K2retire Posted August 12, 2010 Posted August 12, 2010 One also wonders if this type of asset is suiteable and has sufficient liquidity to allow the plan to meet possible distribution requirements.
SoCalActuary Posted August 12, 2010 Posted August 12, 2010 One also wonders if this type of asset is suiteable and has sufficient liquidity to allow the plan to meet possible distribution requirements. Commercial real estate has a market. Denny's restaurants have a long history, and are a known quantity in the market. Just don't plan for a lump sum payment within a day.
My 2 cents Posted August 12, 2010 Posted August 12, 2010 So, having decided that it would further the plan's asset allocation goals to invest plan assets in a specific piece of commercial real estate (as opposed to investing in a regulated investment vehicle focused on commercial real estate), after careful consideration of available commercial real estate (presumably not limited to the local area), taking into account a variety of aspects of the investment (including the financial strength of the tenant - wouldn't want the plan to buy a rental property and see the expected tenant go belly up!), the plan fiduciaries determined that this particular Denny's would be a satisfactory investment? Hope they are right! Woe to them if that Denny's franchise is run by the sponsor's brother in law, however! Always check with your actuary first!
Gary Posted August 23, 2010 Author Posted August 23, 2010 So in summary, it seems this can potentially be a satisfactory commercial real estate investment for the pension plan; though I still wonder if a tenant using real estate for unrelated business can be an acceptable real estate investment, but for moment it appears to be a potential real estate plan investment. However, if the plan sponsor uses restaurant to produce business income for the plan then we agree that this would create UBIT? Thanks.

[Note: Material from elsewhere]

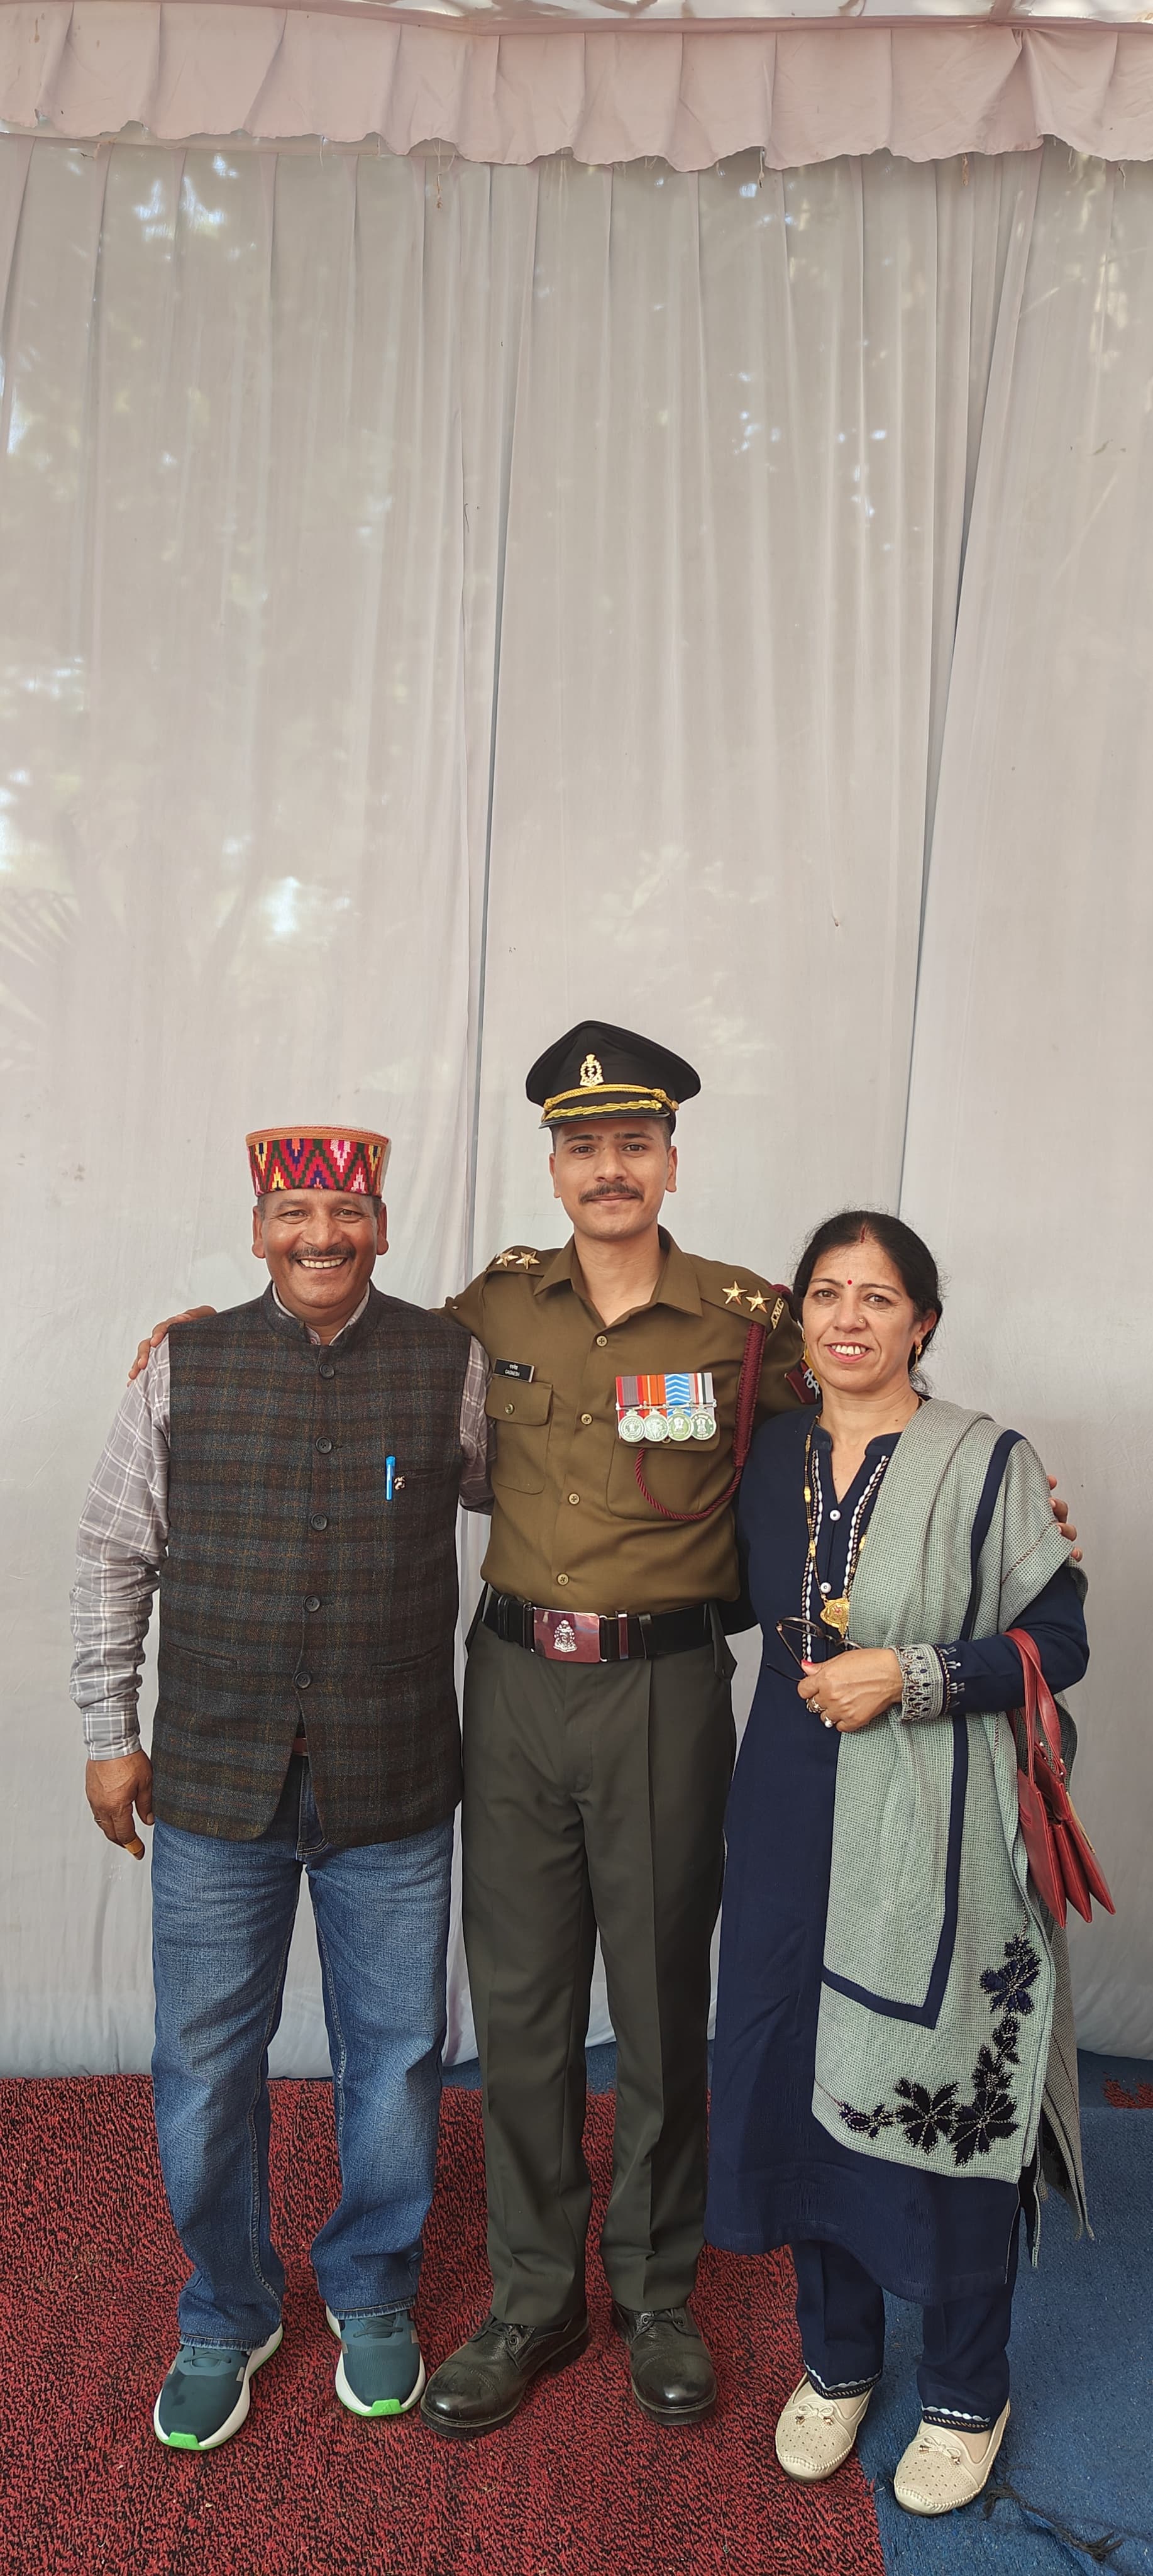 Gagnesh Kumar became lieutenant in army

david rigby Posted August 23, 2010 Posted August 23, 2010 So in summary, it seems this can potentially be a satisfactory commercial real estate investment for the pension plan... Probably advisable for the plan to engage its ERISA attorney on this question (or anything similar). I'm a retirement actuary. Nothing about my comments is intended or should be construed as investment, tax, legal or accounting advice. Occasionally, but not all the time, it might be reasonable to interpret my comments as actuarial or consulting advice.
SoCalActuary Posted September 7, 2010 Posted September 7, 2010 So in summary, it seems this can potentially be a satisfactory commercial real estate investment for the pension plan; though I still wonder if a tenant using real estate for unrelated business can be an acceptable real estate investment, but for moment it appears to be a potential real estate plan investment.However, if the plan sponsor uses restaurant to produce business income for the plan then we agree that this would create UBIT? Thanks. A commercial property is intended to be used for running a business. It's commercial. The operator of the business has a full range of operational issues, including rent, employees, business taxes, etc. That is the operator's problem. The pension plan does not own the business, just the property that earns rental income. What's your point?
Gary Posted September 7, 2010 Author Posted September 7, 2010 The point is that I was trying to verify that if the plan owned the buisiness and recieved income from business it would be UBIT.
SoCalActuary Posted September 7, 2010 Posted September 7, 2010 The point is that I was trying to verify that if the plan owned the buisiness and recieved income from business it would be UBIT. Well, for an example, consider an S-Corp where stock is owned by a retirement trust. The net profit paid to the trust out of the S-Corp is subject to UBIT at the full corporate tax rate, based on the last filing I saw on this subject. So your hypothetical question deserves a "yes" answer.